Would you transcribe the listing that follows, character for character, and omit its images?

INPUT DATA:
☆ ☆ ☆ ☆ ☆

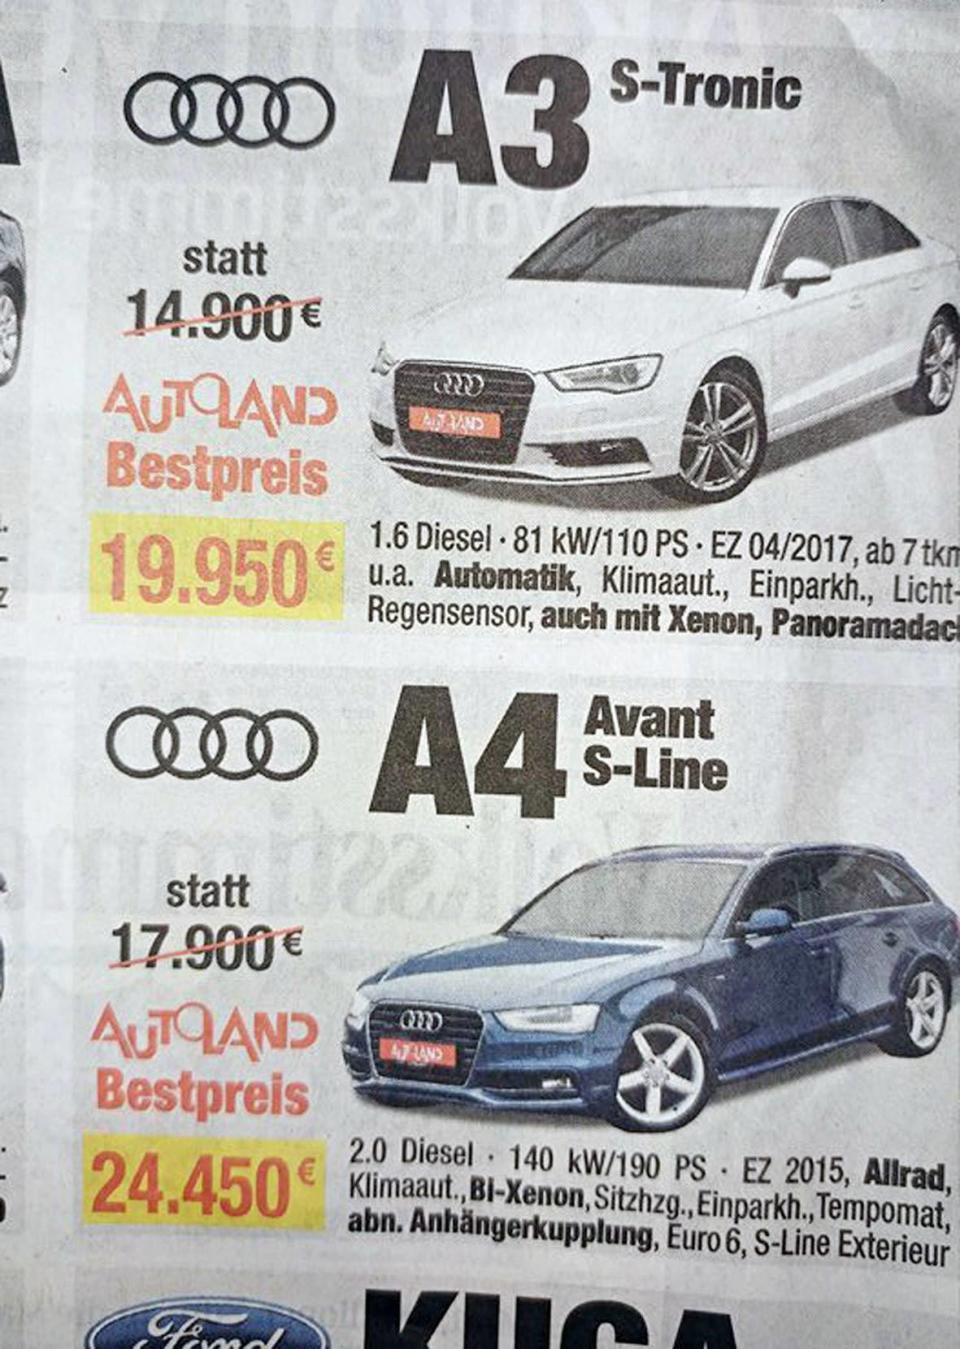 <p>Günstiger ist nicht immer besser – das müssen sich zumindest die Betreiber dieses Autohauses gedacht haben. Sonst kann man sich kaum erklären, warum ein Audi A3 statt für 14.900 Euro nun zum „Bestpreis“ von 19.950 Euro verkauft wird. Und auch beim Audi A4 liegt der Bestpreis anscheinend knapp 7000 Euro über dem Originalpreis. Aber bei so einer großen Anschaffung will man ja wirklich nicht am falschen Ende sparen.<br> (Bild: Facebook/@Kurioses aus der Presseschau) </p>
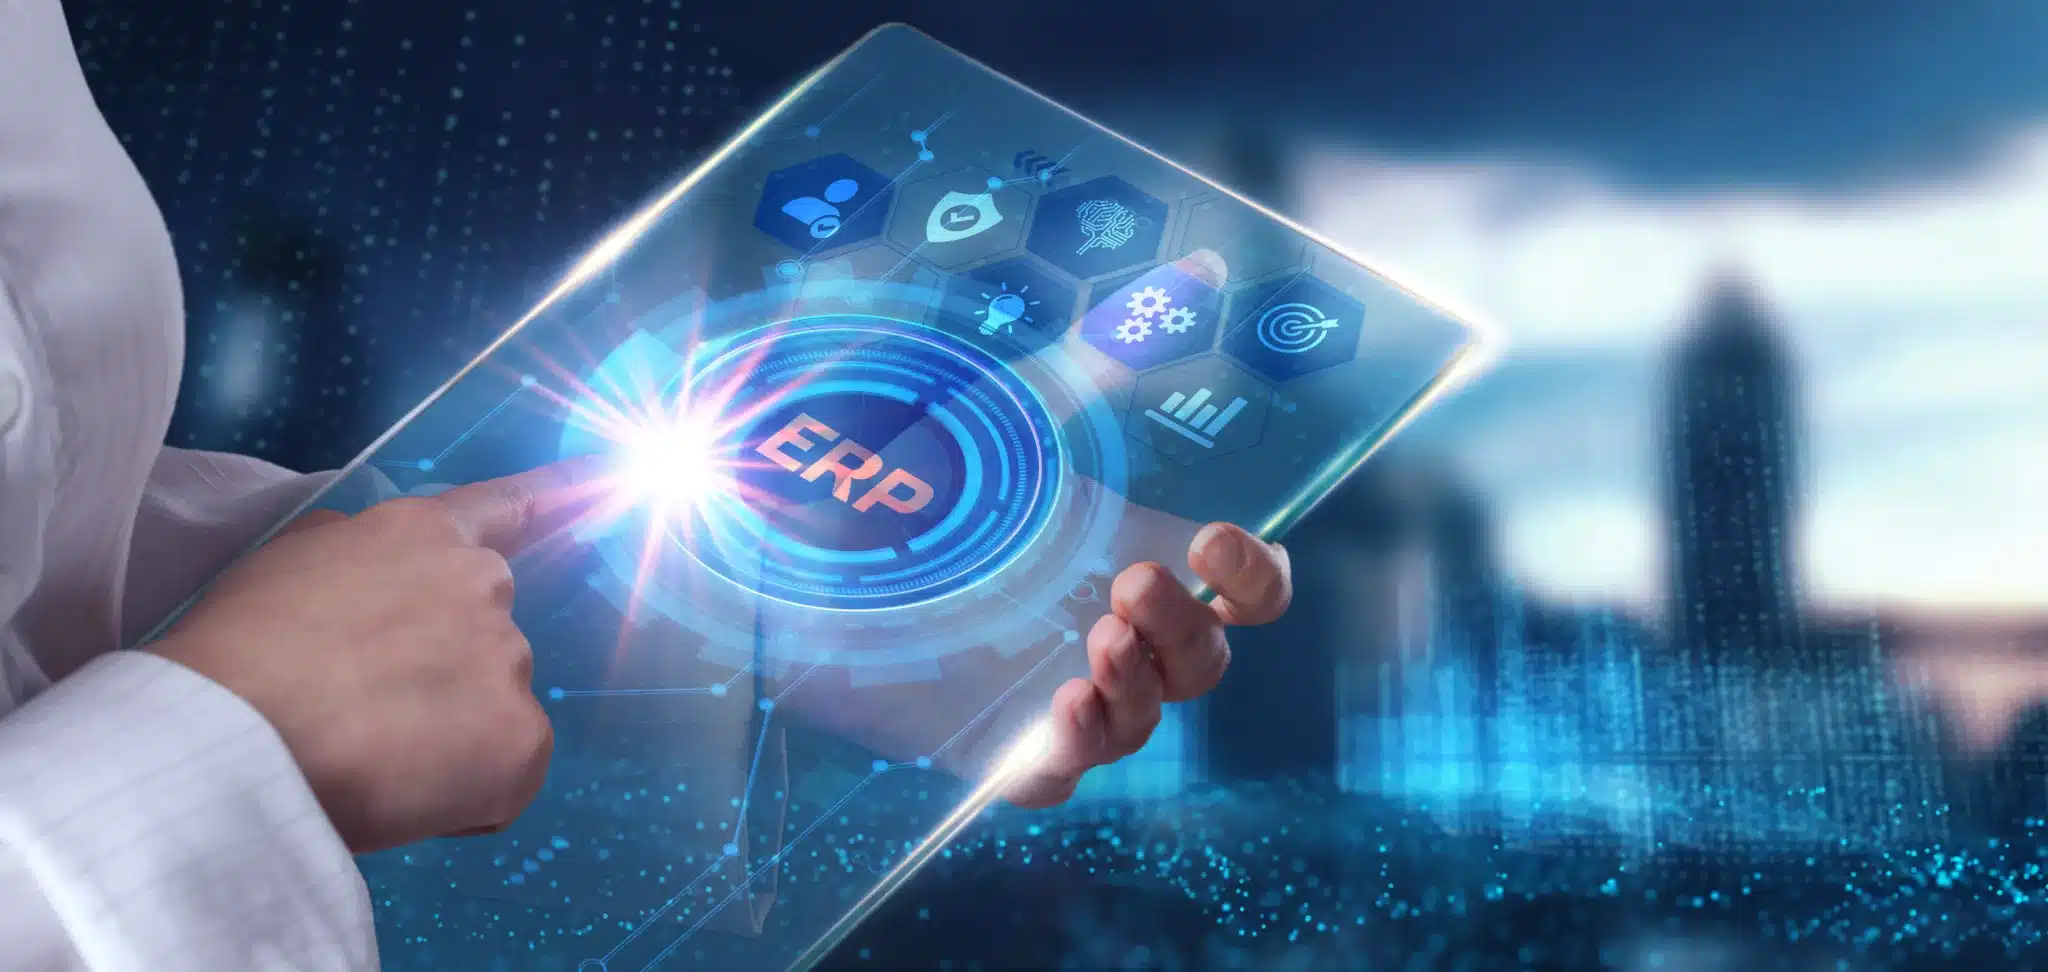 Enterprise Asset Management: An Important Component of ERP
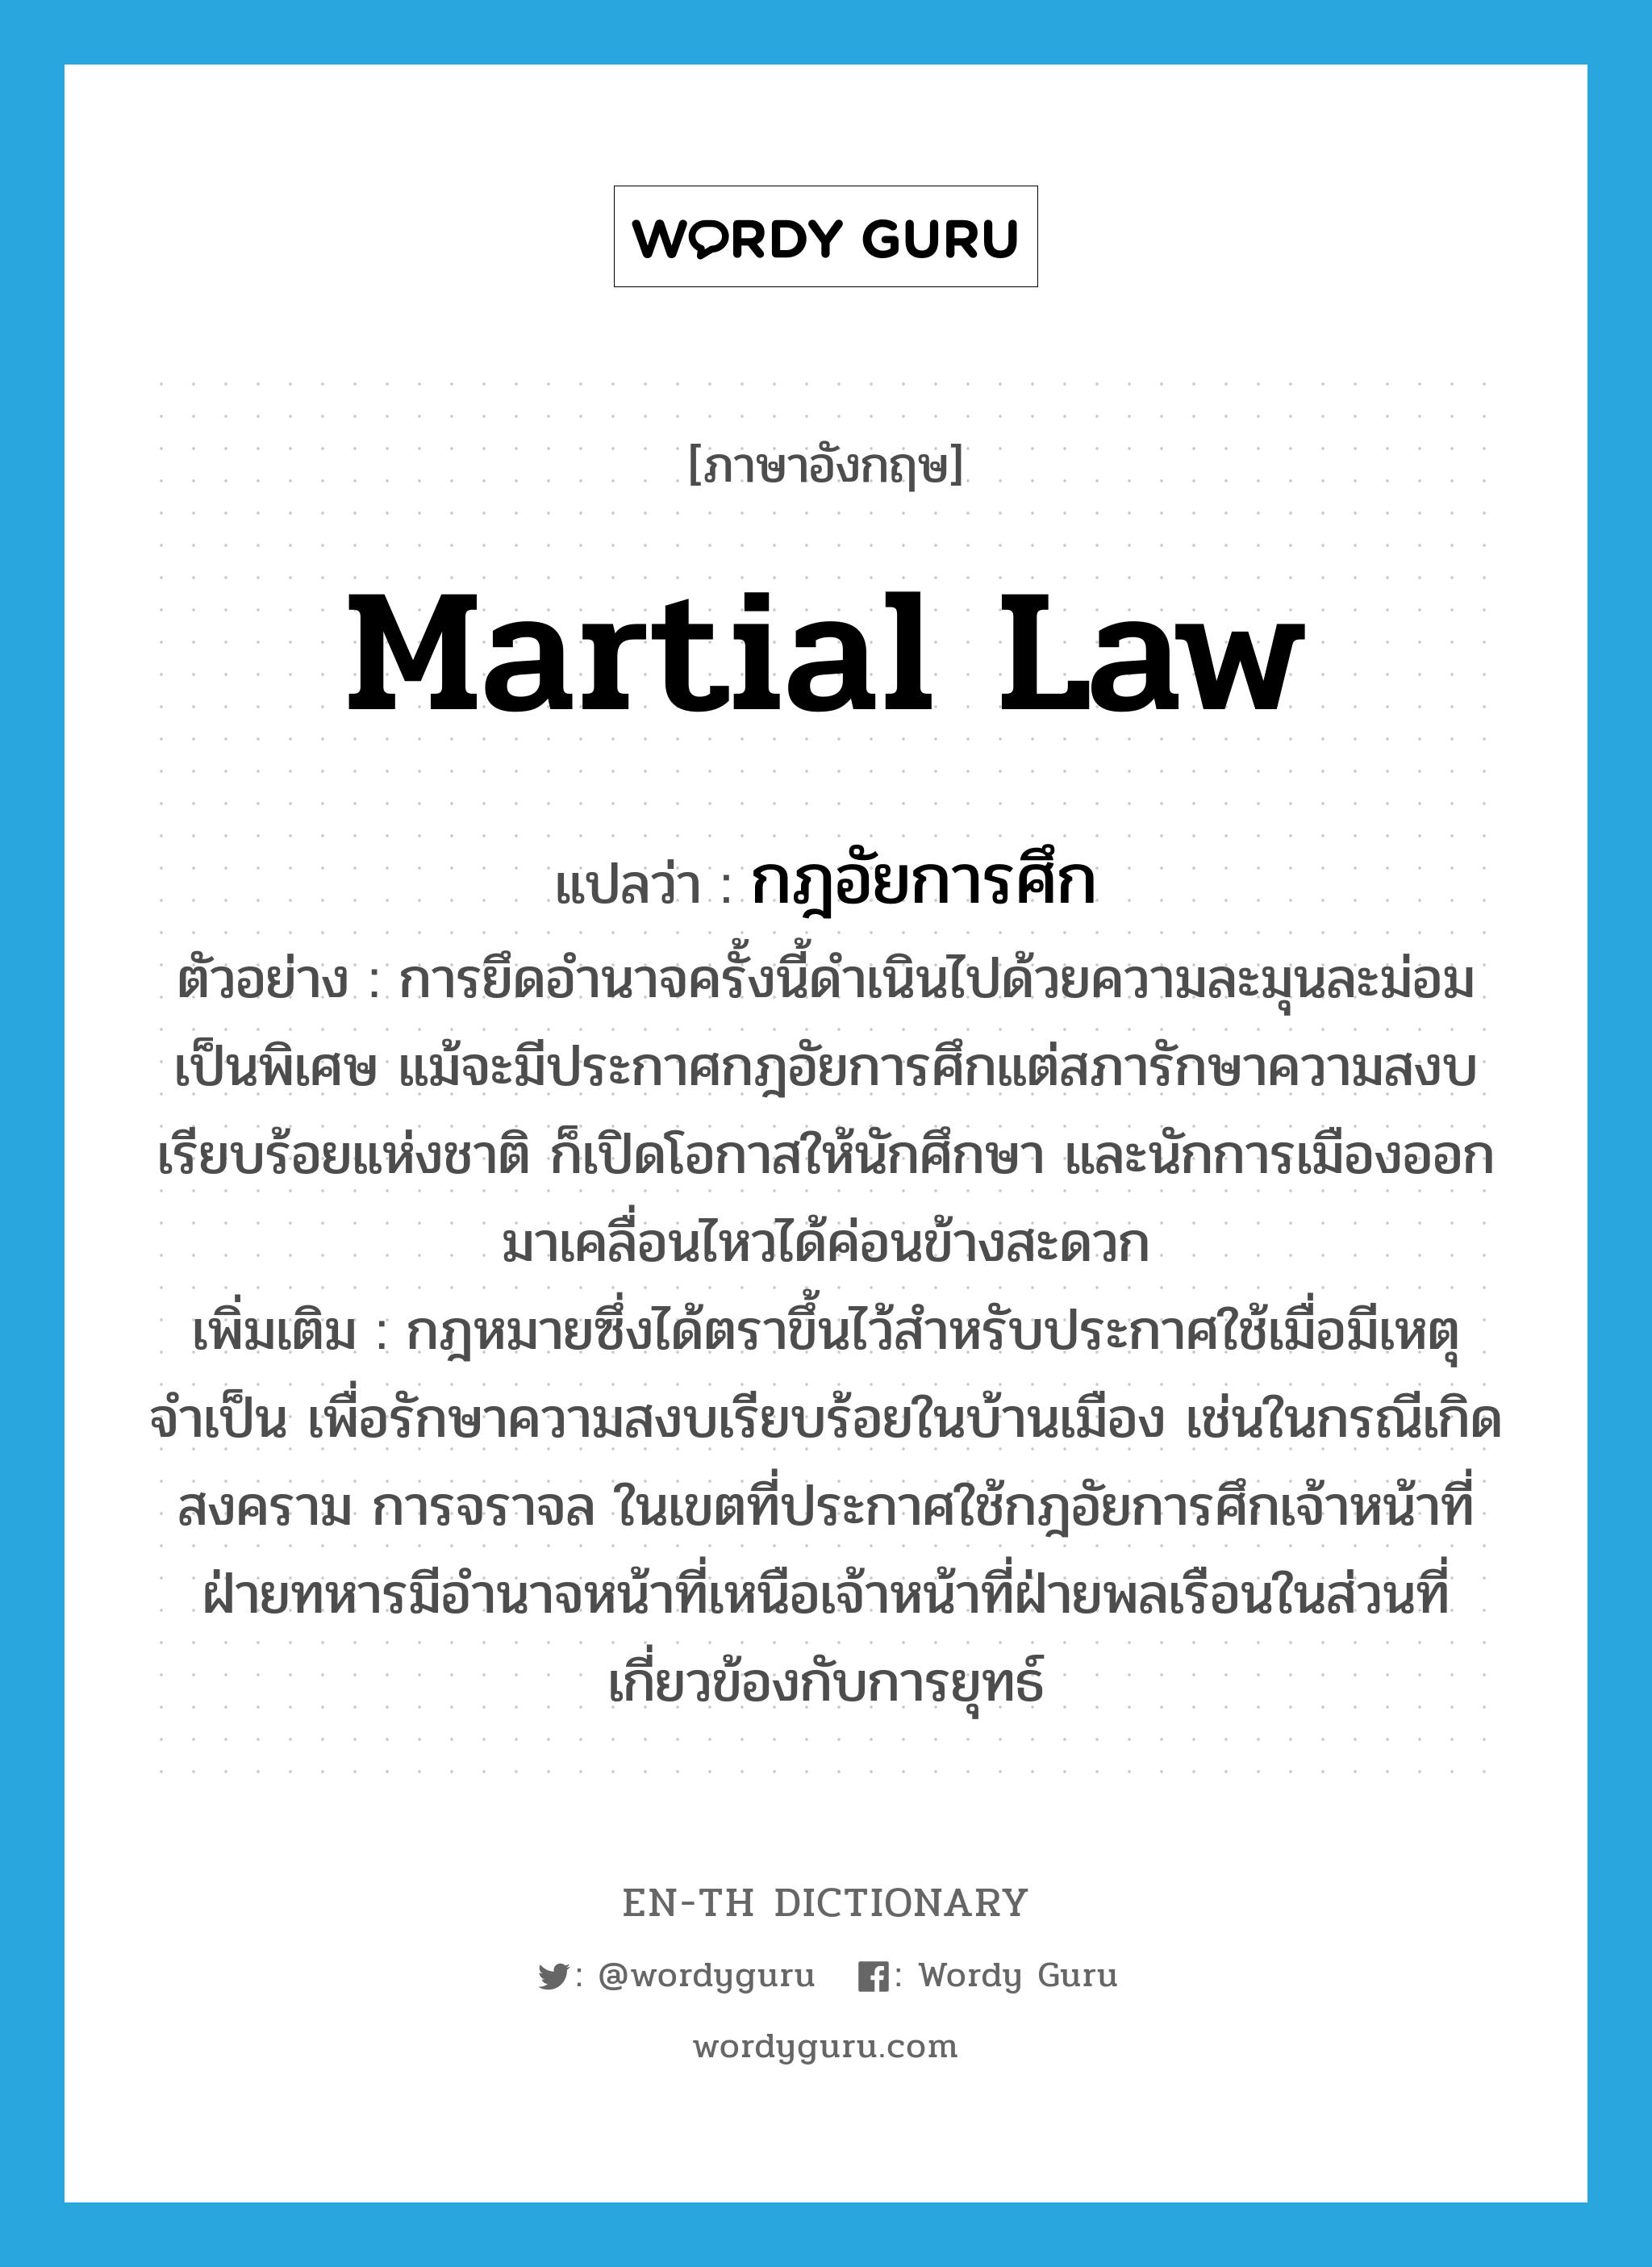 กฎอัยการศึก ภาษาอังกฤษ?, คำศัพท์ภาษาอังกฤษ กฎอัยการศึก แปลว่า martial law ประเภท N ตัวอย่าง การยึดอำนาจครั้งนี้ดำเนินไปด้วยความละมุนละม่อมเป็นพิเศษ แม้จะมีประกาศกฎอัยการศึกแต่สภารักษาความสงบเรียบร้อยแห่งชาติ ก็เปิดโอกาสให้นักศึกษา และนักการเมืองออกมาเคลื่อนไหวได้ค่อนข้างสะดวก เพิ่มเติม กฎหมายซึ่งได้ตราขึ้นไว้สำหรับประกาศใช้เมื่อมีเหตุจำเป็น เพื่อรักษาความสงบเรียบร้อยในบ้านเมือง เช่นในกรณีเกิดสงคราม การจราจล ในเขตที่ประกาศใช้กฎอัยการศึกเจ้าหน้าที่ฝ่ายทหารมีอำนาจหน้าที่เหนือเจ้าหน้าที่ฝ่ายพลเรือนในส่วนที่เกี่ยวข้องกับการยุทธ์ หมวด N

☆ ☆ ☆ ☆ ☆

YOUR RESPONSE:
 <p>Günstiger ist nicht immer besser – das müssen sich zumindest die Betreiber dieses Autohauses gedacht haben. Sonst kann man sich kaum erklären, warum ein Audi A3 statt für 14.900 Euro nun zum „Bestpreis“ von 19.950 Euro verkauft wird. Und auch beim Audi A4 liegt der Bestpreis anscheinend knapp 7000 Euro über dem Originalpreis. Aber bei so einer großen Anschaffung will man ja wirklich nicht am falschen Ende sparen.<br> (Bild: Facebook/@Kurioses aus der Presseschau) </p>
 Enterprise Asset Management: An Important Component of ERP
 กฎอัยการศึก ภาษาอังกฤษ?, คำศัพท์ภาษาอังกฤษ กฎอัยการศึก แปลว่า martial law ประเภท N ตัวอย่าง การยึดอำนาจครั้งนี้ดำเนินไปด้วยความละมุนละม่อมเป็นพิเศษ แม้จะมีประกาศกฎอัยการศึกแต่สภารักษาความสงบเรียบร้อยแห่งชาติ ก็เปิดโอกาสให้นักศึกษา และนักการเมืองออกมาเคลื่อนไหวได้ค่อนข้างสะดวก เพิ่มเติม กฎหมายซึ่งได้ตราขึ้นไว้สำหรับประกาศใช้เมื่อมีเหตุจำเป็น เพื่อรักษาความสงบเรียบร้อยในบ้านเมือง เช่นในกรณีเกิดสงคราม การจราจล ในเขตที่ประกาศใช้กฎอัยการศึกเจ้าหน้าที่ฝ่ายทหารมีอำนาจหน้าที่เหนือเจ้าหน้าที่ฝ่ายพลเรือนในส่วนที่เกี่ยวข้องกับการยุทธ์ หมวด N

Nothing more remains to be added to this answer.